那夜就寝,散发之时,看着铜镜中的自己,他突然对自己生出了由衷的厌恶,厌恶自己这副因为得不到而凄凄惨惨的模样!
“为何?”
子秋当即问他,一脸疑惑。
“我比不上今日陛下身边的那个男子。”
“哼!就那狐媚样,等几天陛下新鲜感过去了,看他还笑不笑得出来!”
子秋是护着他的,白天见到那般情景,心里又怎会好受?他理解他,但却不赞成他的话。
“子秋,你不懂。”
“那个男子已经得到陛下的真心,所以陛下对他永远都不会失去新鲜感。”
那时他说出这句话的时候就莫名笃定。
“啊?”
“什么真心不真心的?陛下她是帝王,怎么可能会轻易对一个男子付诸真心?更何况那个男子曾经不过一介青楼小倌,陛下尊贵之身,怎么可能对那种出身的男子生出感情来?”

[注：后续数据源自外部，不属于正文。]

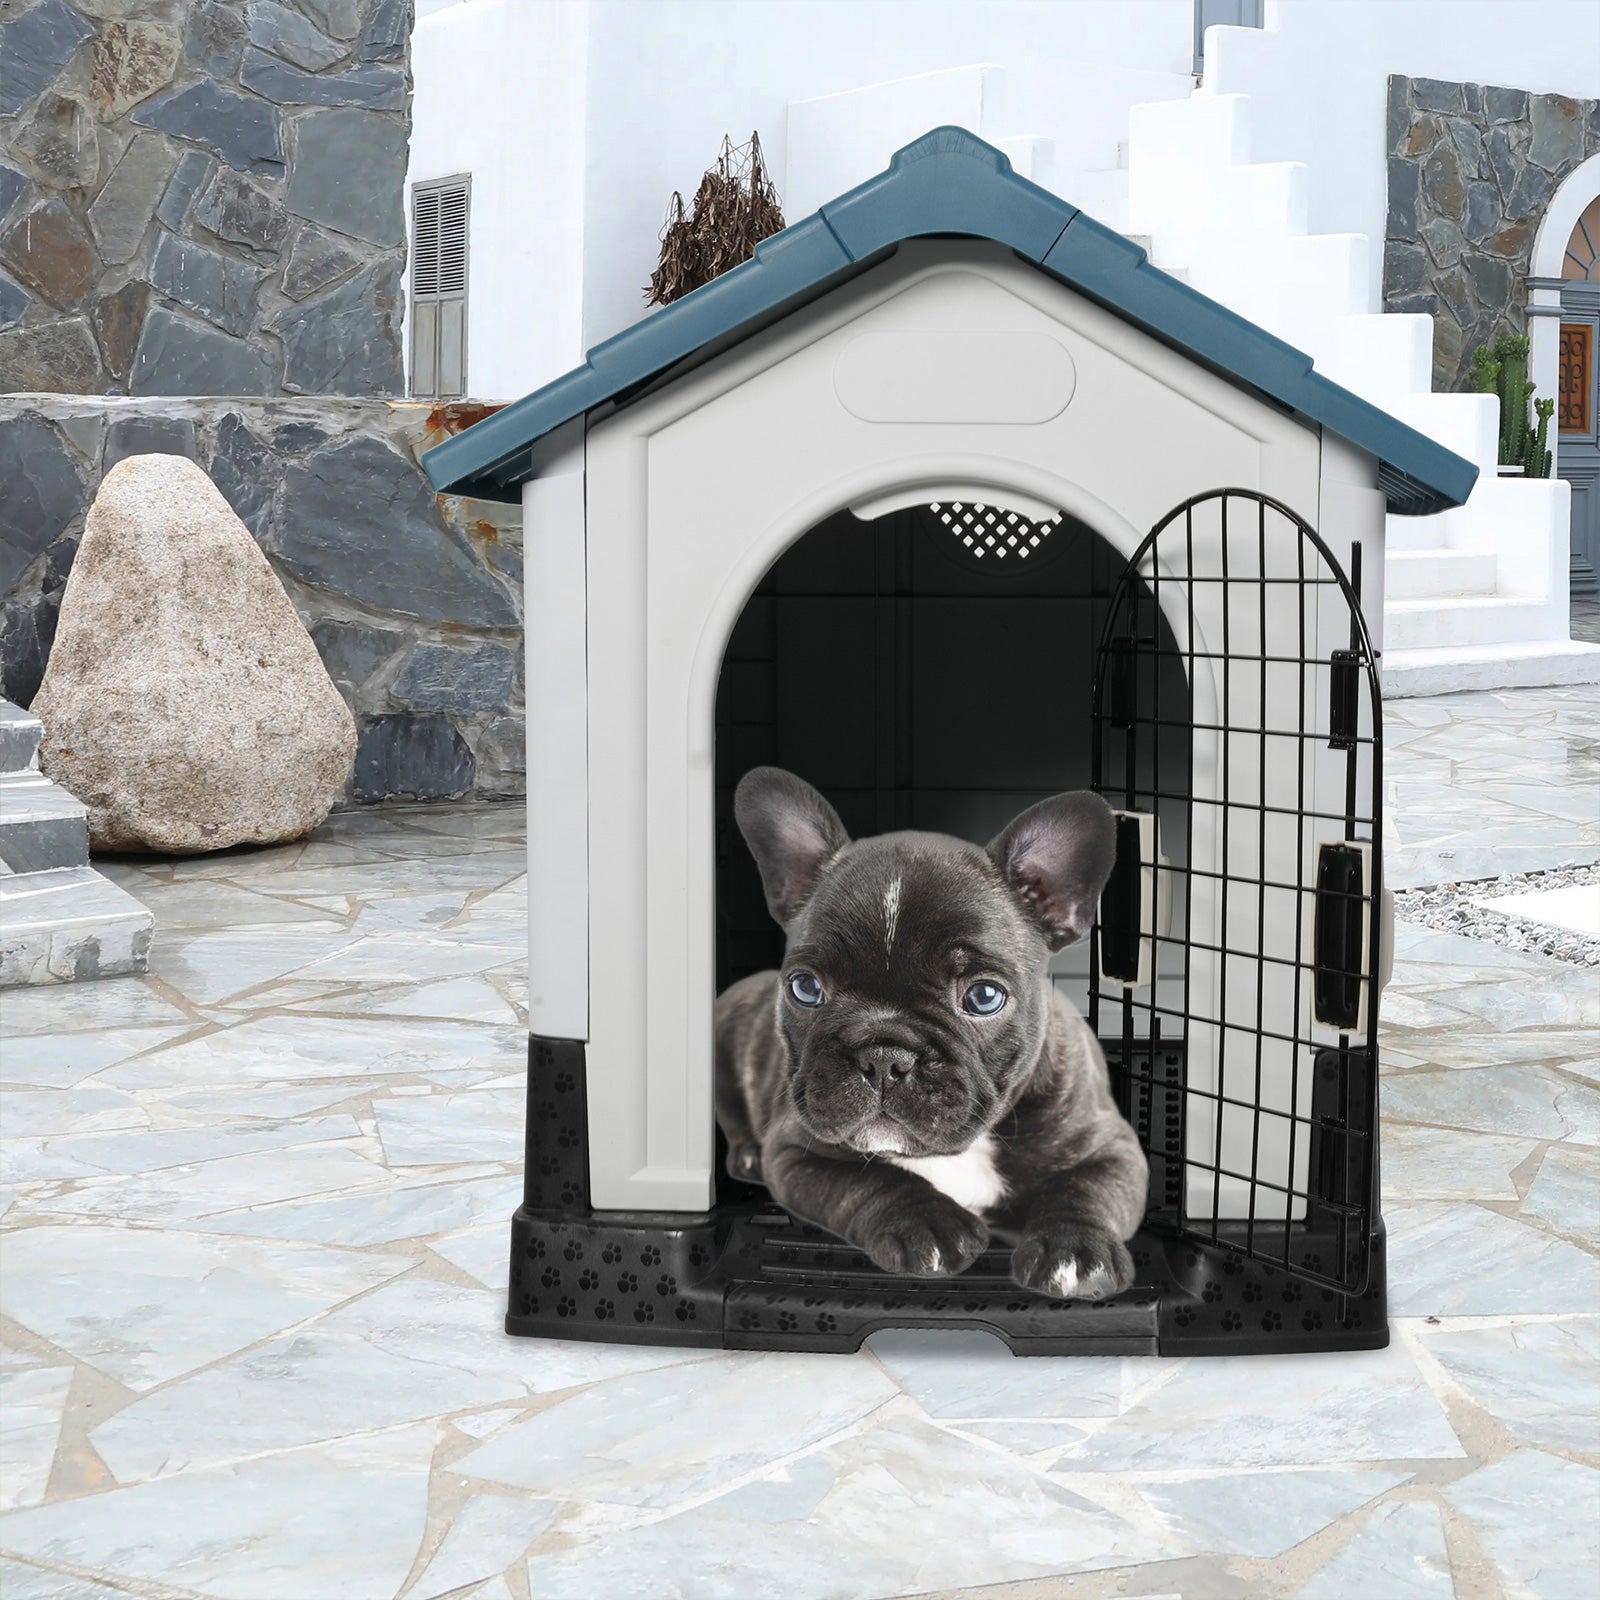 Outdoor Small Dog House Plastic Waterproof Kennel with Air Vents, 23.6"L x 18.9"W x 25.6"H, Blue Roof

“子秋,男女间的感情之事是不分双方贵贱的,只要想爱,两颗心能紧紧依偎在一起,便够了。”
“而我如今之所以失宠,只是因为我从未走进过陛下的心。”
“公子,您别这样说,来年春您若诞下一个可爱的皇女,陛下定会重新重视起您的!”
“万一不是皇女呢?”
他摸了摸隆起的肚子,不抱任何期望。
入宫的第二年春,他诞下一个皇女,取名萧浅睿,也就在同年,那个名唤“覆华”的男子也同样诞下一个皇女,取名萧浅祎。
他诞下皇女之日,那个女人终于来看他和孩子一眼,但之后又重新回了也已经有喜的男子身边,围着他团团转。
“公子,如今奴也终于相信您去年说过的那番话了。”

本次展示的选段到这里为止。